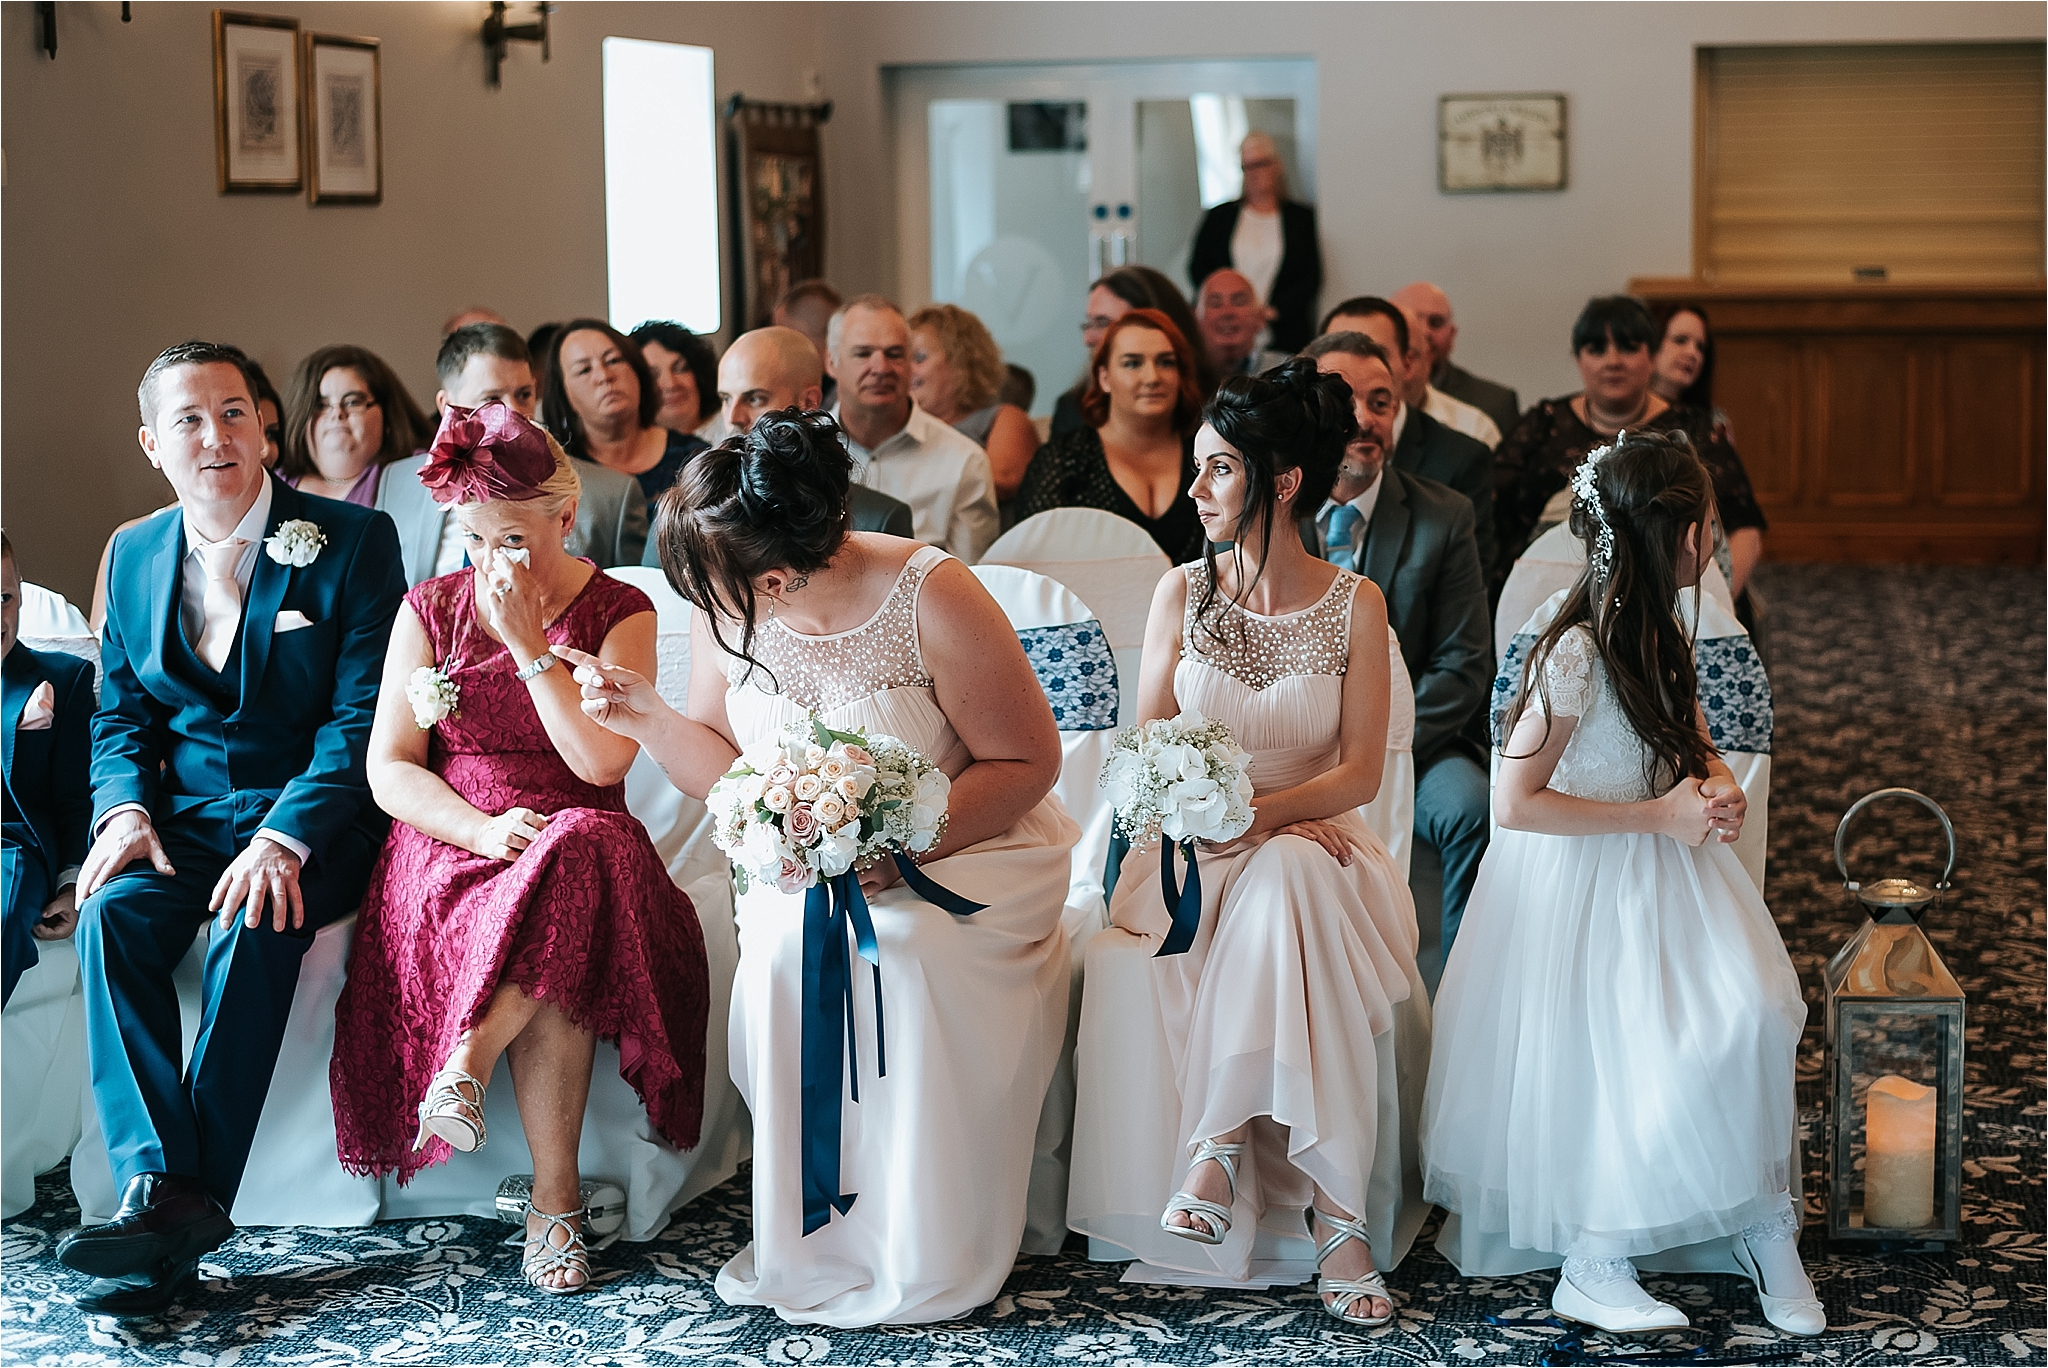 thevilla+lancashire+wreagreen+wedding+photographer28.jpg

==*==

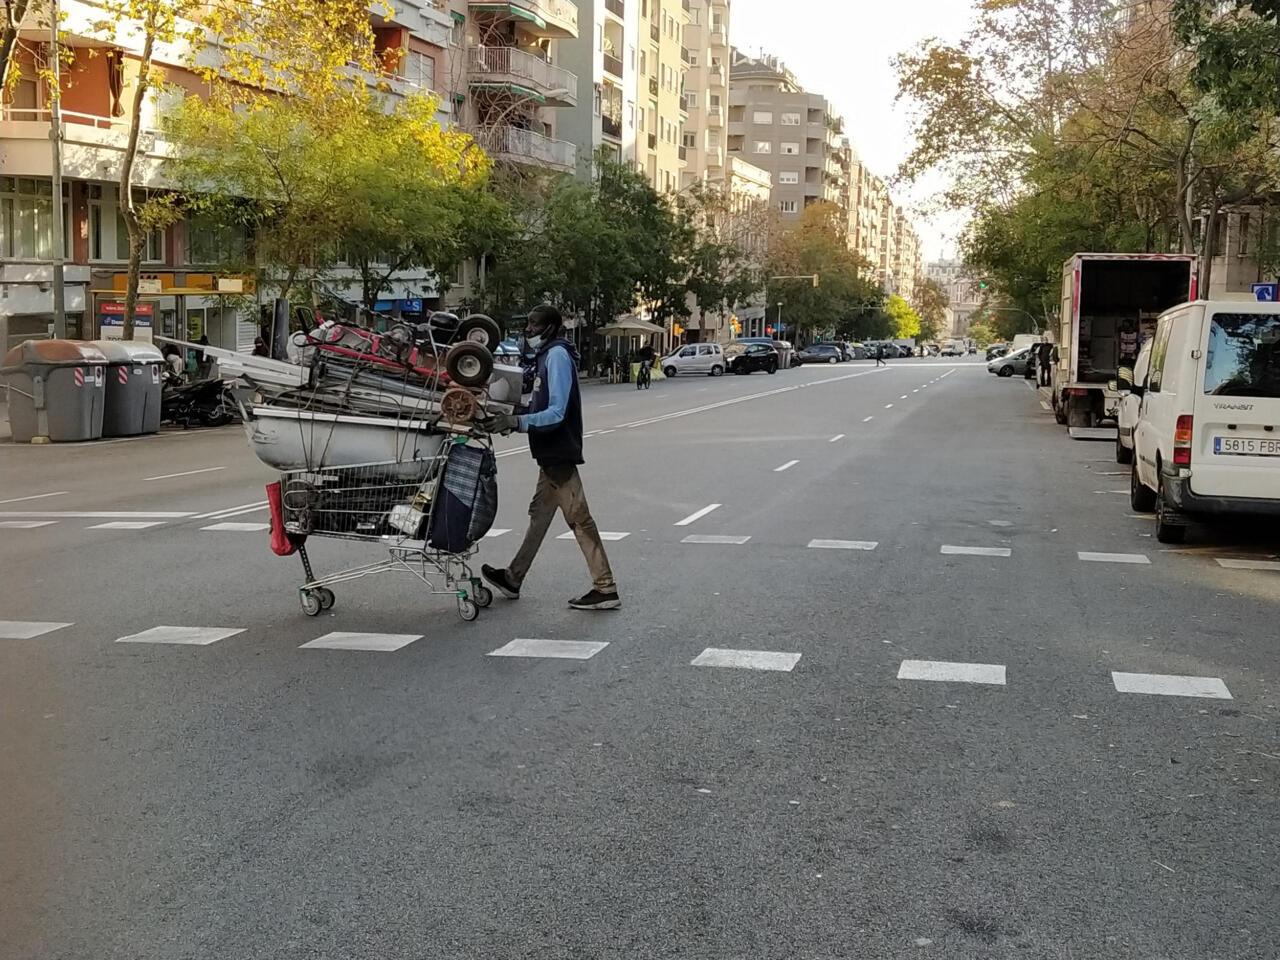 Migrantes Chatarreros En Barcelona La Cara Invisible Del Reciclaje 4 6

==*==

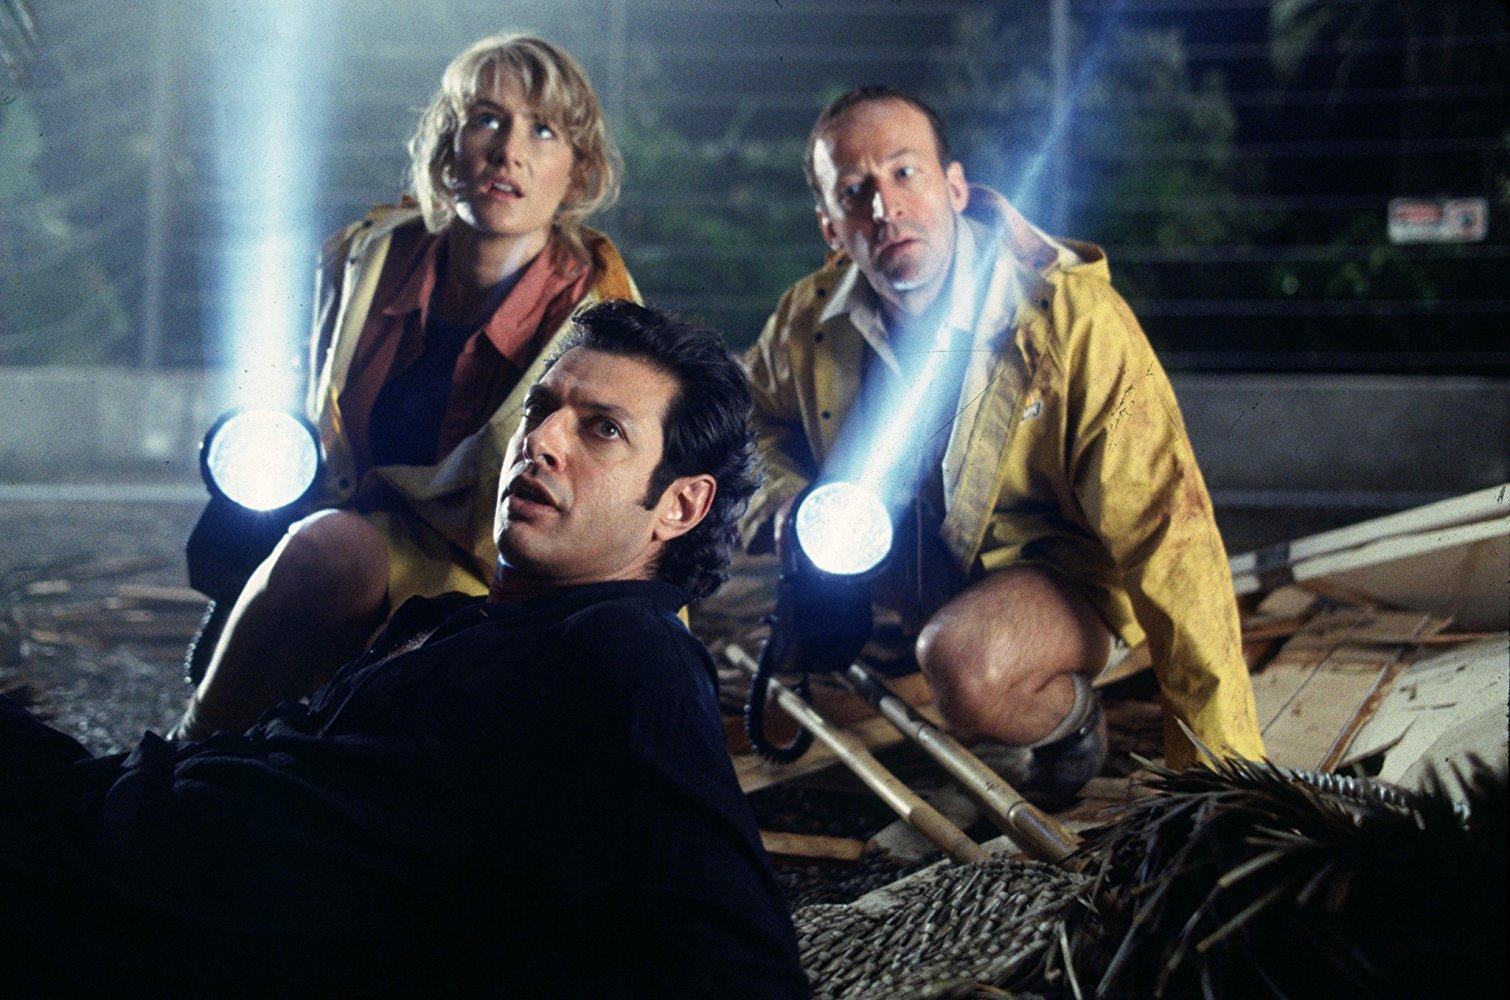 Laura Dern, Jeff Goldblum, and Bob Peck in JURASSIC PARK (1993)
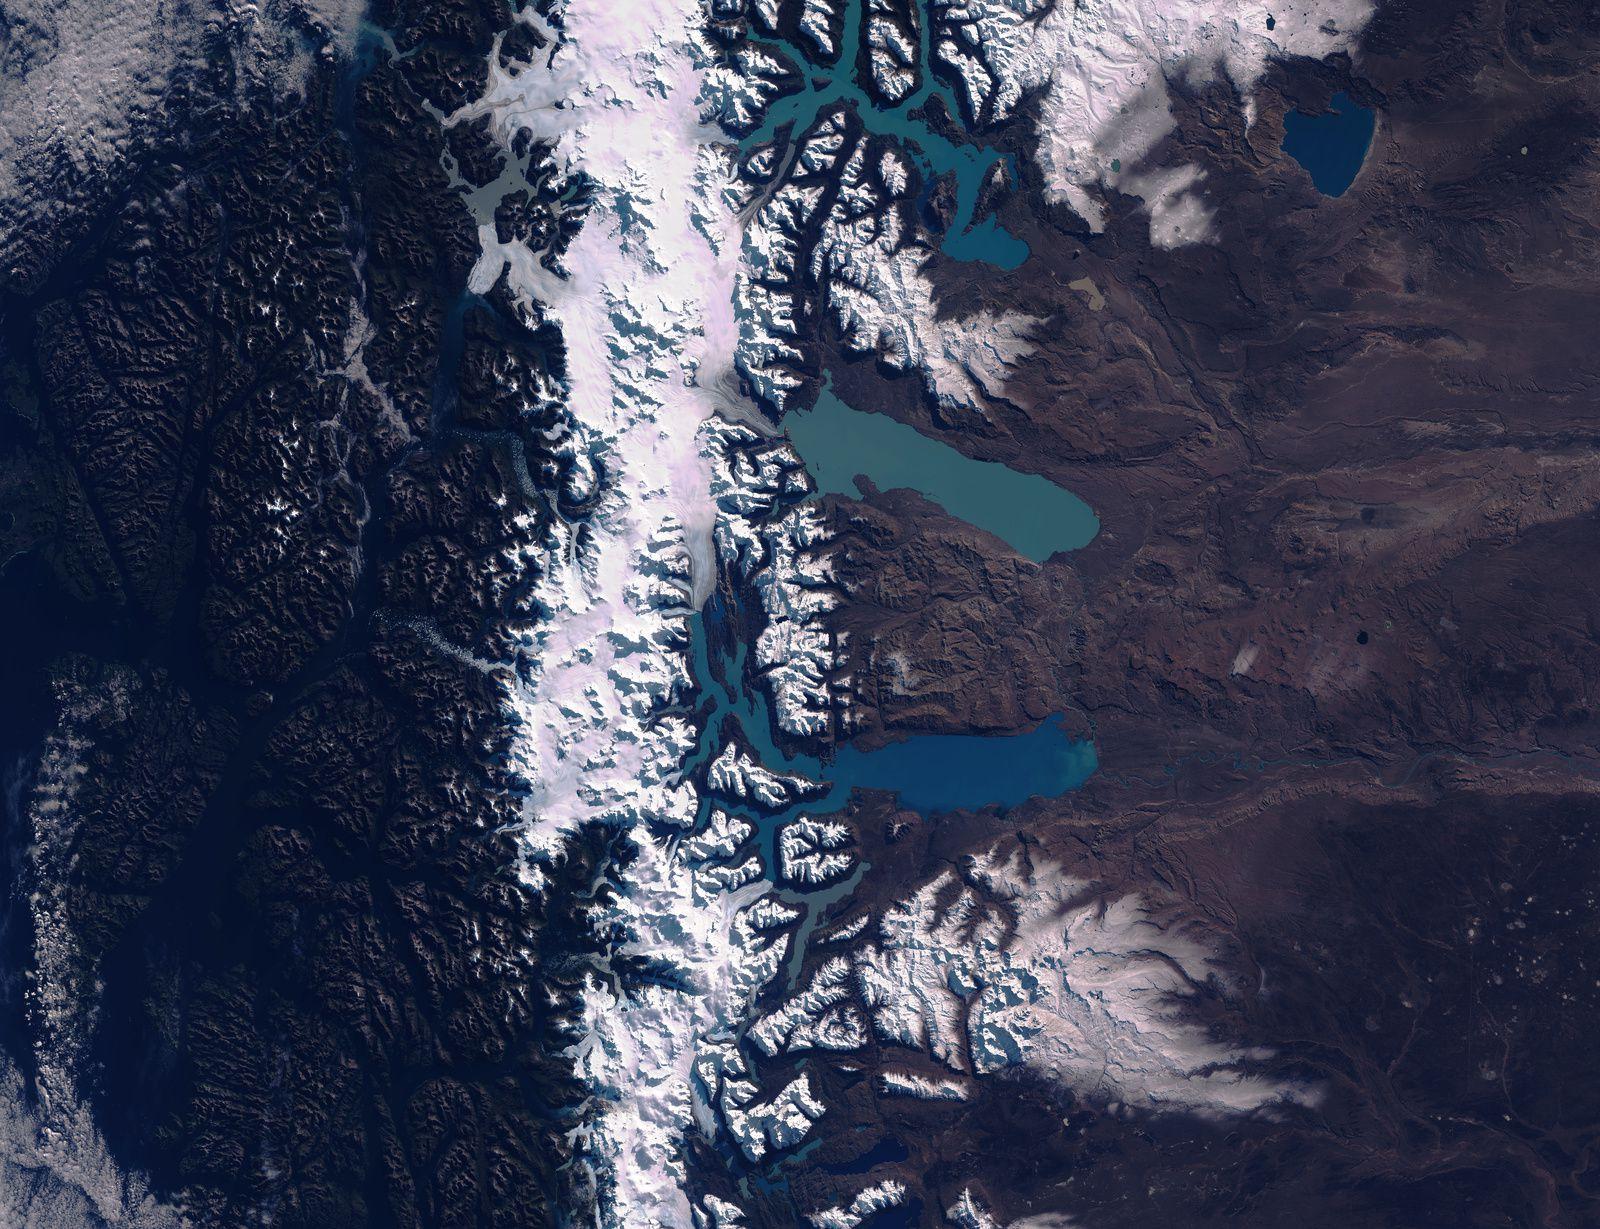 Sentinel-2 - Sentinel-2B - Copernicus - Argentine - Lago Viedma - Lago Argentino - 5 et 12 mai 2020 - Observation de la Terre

==*==

[Required work]: Quote the lines above exactly, starting with the one that has "Laura Dern, Jeff" and ending with the one that has "Sentinel-2 - Sentinel-2B"; drop the pictures and include nothing else.

[Response below]:
 Laura Dern, Jeff Goldblum, and Bob Peck in JURASSIC PARK (1993)
 Sentinel-2 - Sentinel-2B - Copernicus - Argentine - Lago Viedma - Lago Argentino - 5 et 12 mai 2020 - Observation de la Terre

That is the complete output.